Pyspawner will create a veth interface that may be used to route traffic from the child to the Internet via network address translation (NAT). You must write the iptables rules yourself! pyspawner does not invoke iptables! The intent is for you to set up iptables rules once, and then reuse the same rules for every clone.
One iptables rule to route network traffic from a child process to the Internet:
iptables -t nat -a POSTROUTING -s [child_ipv4_address] -j SNAT --to-source=[our IP address]
You should also firewall the traffic to secure the rest of your network from sandboxed processes. See
tests/setup-sandbox.sh
for a minimal set of iptables rules.We do not yet support IPv6, because Kubernetes support is shaky. Follow https://github.com/kubernetes/kubernetes/issues/62822.
Here’s how networking works. When cloning, the child process gets a new, anonymous network namespace. pyspawner creates a veth pair, and it passes the “child” veth interface to the child process. The child process brings up its network interface and can only see the public Internet.
After the child dies, the Linux kernel will delete the network interface. (There’s a bit of a race here: the interface may exist a few milliseconds after the child dies. Pyspawner will explicitly ensure the interface is deleted before creating it.)
Beware if running multiple children at once that all access the Internet. Each must have a unique interface name and IP addresses.
The default values match those in tests/setup-sandbox.sh. Don’t edit one without editing the other.
-
child_ipv4_address
: str = '192.168.123.2'¶ IPv4 address of the child.
The kernel will maintain iptables rules to route from this IP address to the public Internet.
This must be in the same /24 network block as kernel_ipv4_address.
-
child_veth_name
: str = 'veth-pyspawn-c'¶ Name of veth interface run by the child.
Maximum length is 15 characters. Any longer gives NetlinkError 34.
This name must not conflict with any other network device in the kernel’s container. (The kernel creates this device before sending it into the child’s network namespace.)
-
kernel_ipv4_address
: str = '192.168.123.1'¶ IPv4 address of the kernel.

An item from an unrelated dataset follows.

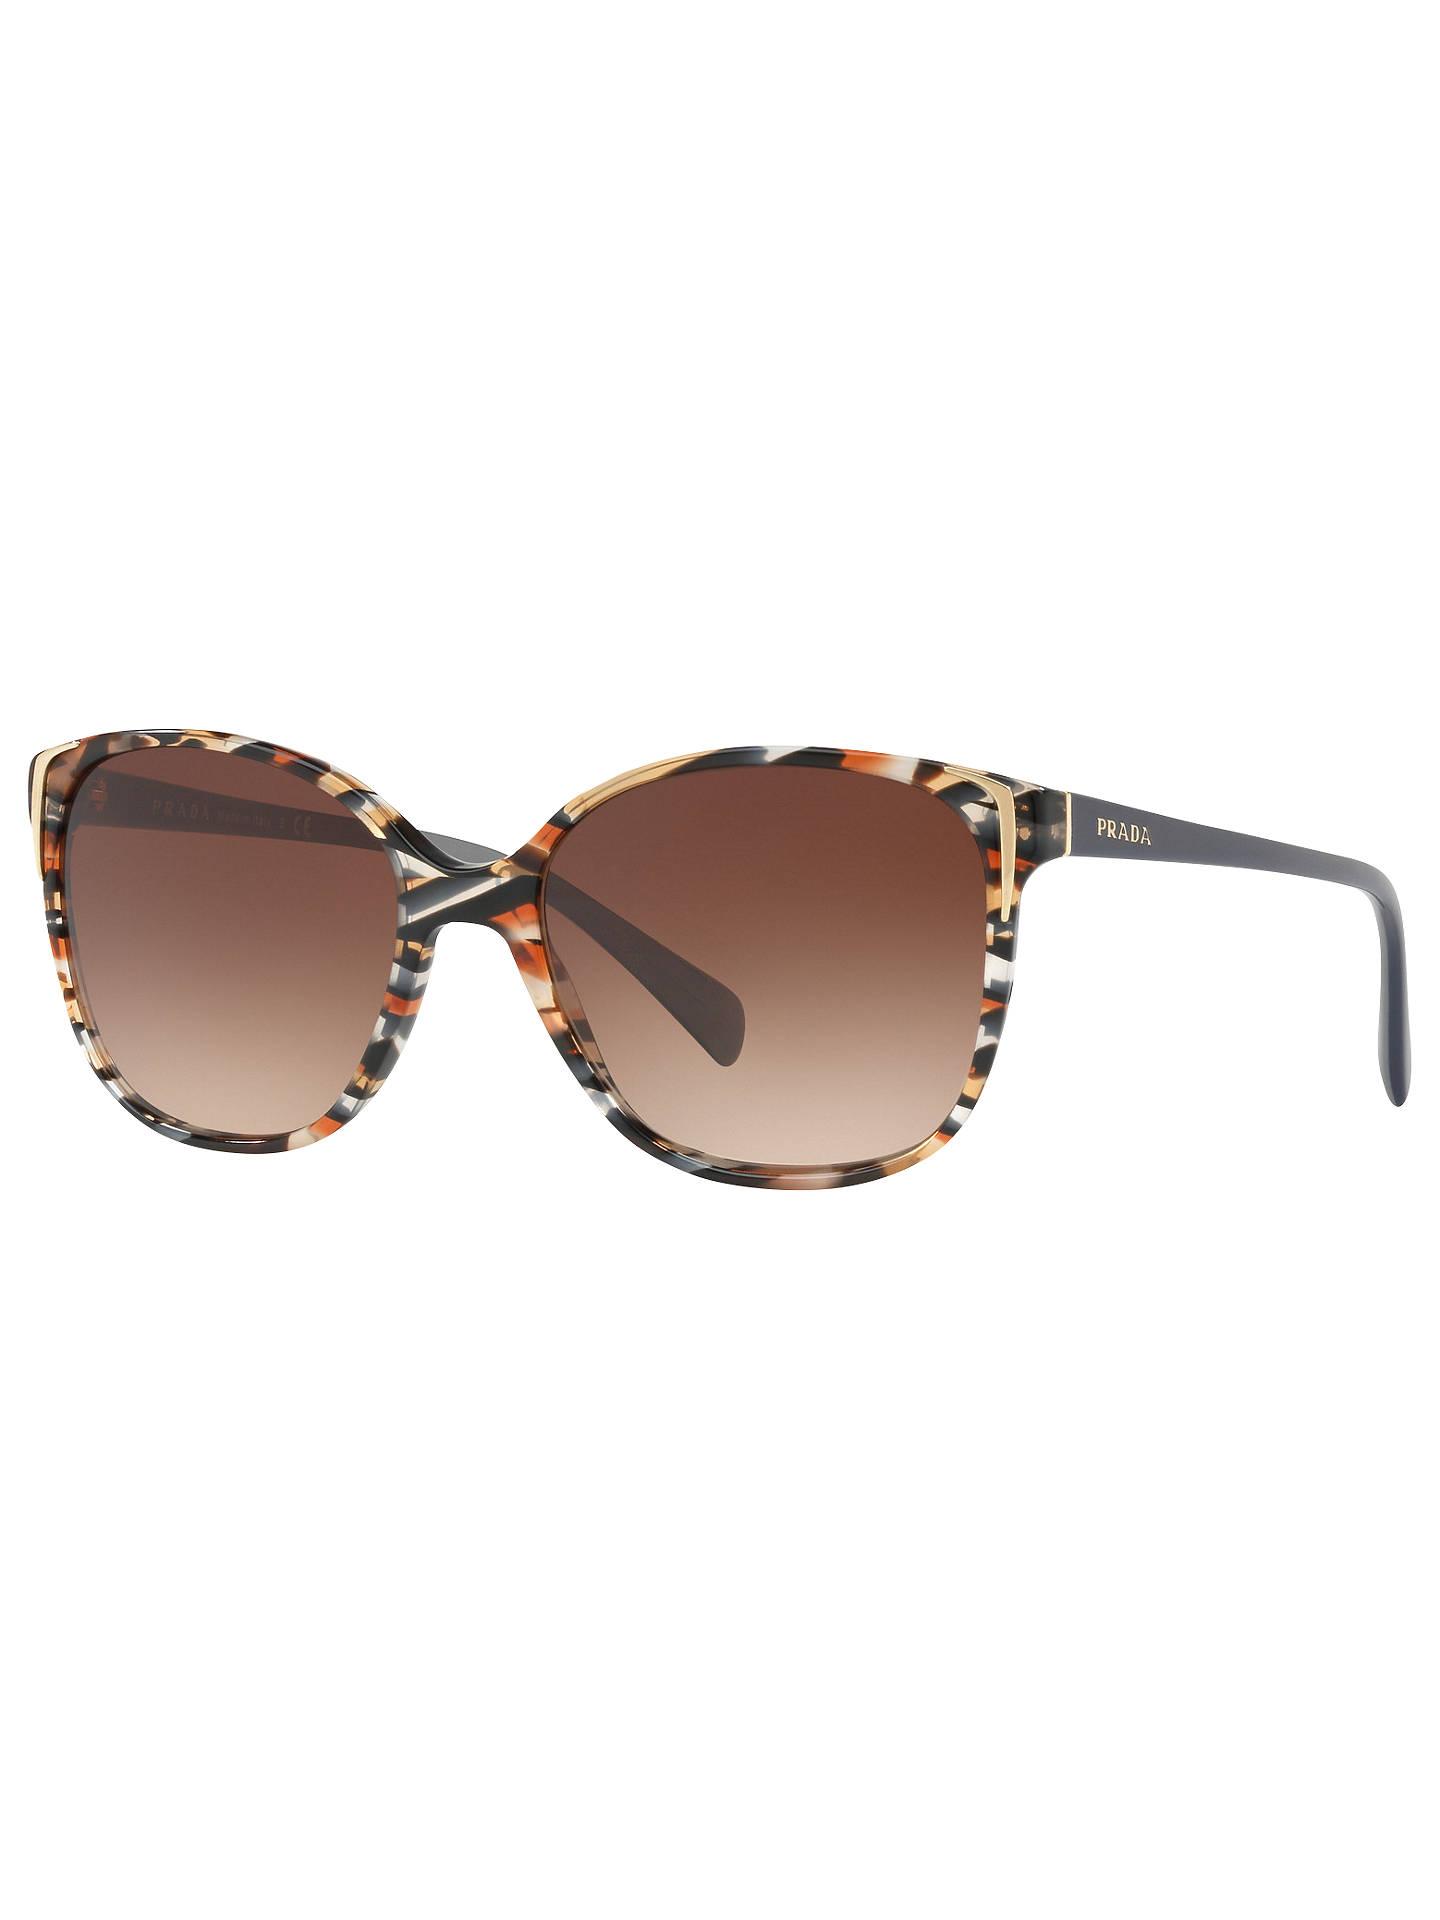 ba4fba6cb1 BuyPrada PR 01OS Square Sunglasses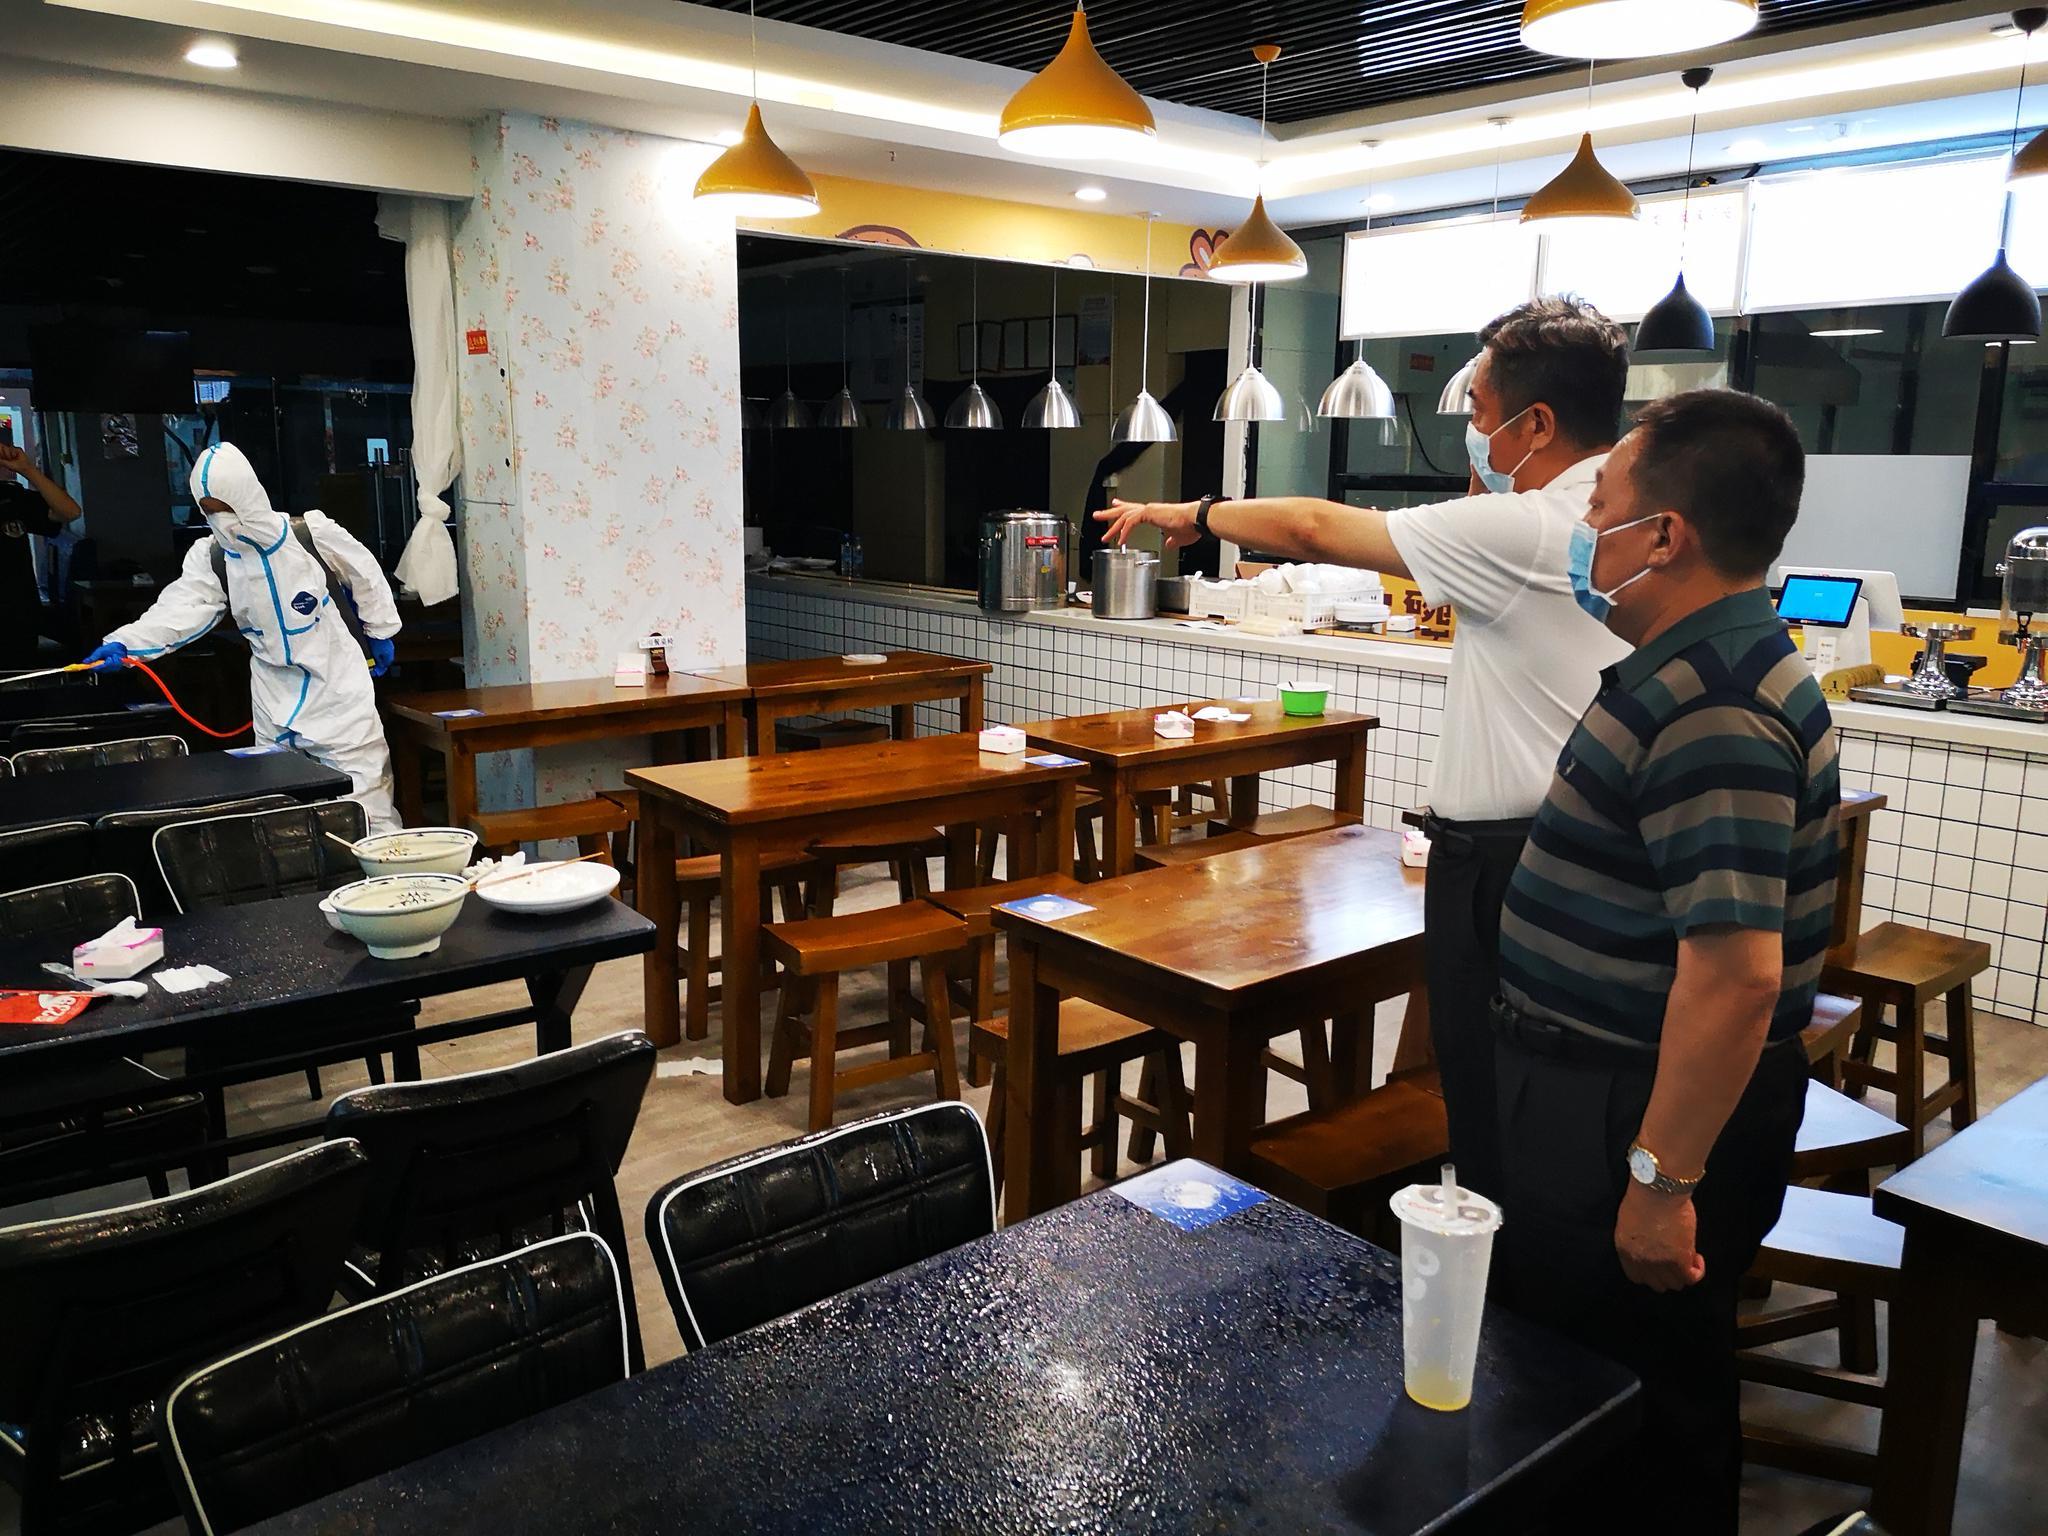 石景山区开展餐饮单位消杀工作。石景山区供图

This must not conflict with any other IP address in the kernel’s container.
This should be a private address. Be sure it doesn’t conflict with your network’s addresses. Kubernetes uses 10.0.0.0/8; Docker uses 172.16.0.0/12. The hard-coded “192.168.123/24” should be safe for Docker and Kubernetes.
The child will use this address as its default gateway.
-
kernel_veth_name
: str = 'veth-pyspawn'¶ Name of veth interface run by the kernel.
Maximum length is 15 characters. Any longer gives NetlinkError 34.
This name must not conflict with any other network device in the kernel’s container.
-
-
class
pyspawner.
SandboxConfig
(chroot_dir: Union[pathlib.Path, NoneType] = None, network: Union[pyspawner.sandbox.NetworkConfig, NoneType] = None, skip_sandbox_except: FrozenSet[str] = <factory>)¶ -
chroot_dir
: Optional[pathlib.Path] = None¶ Setting for “chroot” security layer.
If chroot_dir is set, it must point to a directory on the filesystem. Remember that we call setuid() to an extreme UID (>65535) by default: that means the child will only be able to read files that are world-readable (i.e., “chmod o+r”).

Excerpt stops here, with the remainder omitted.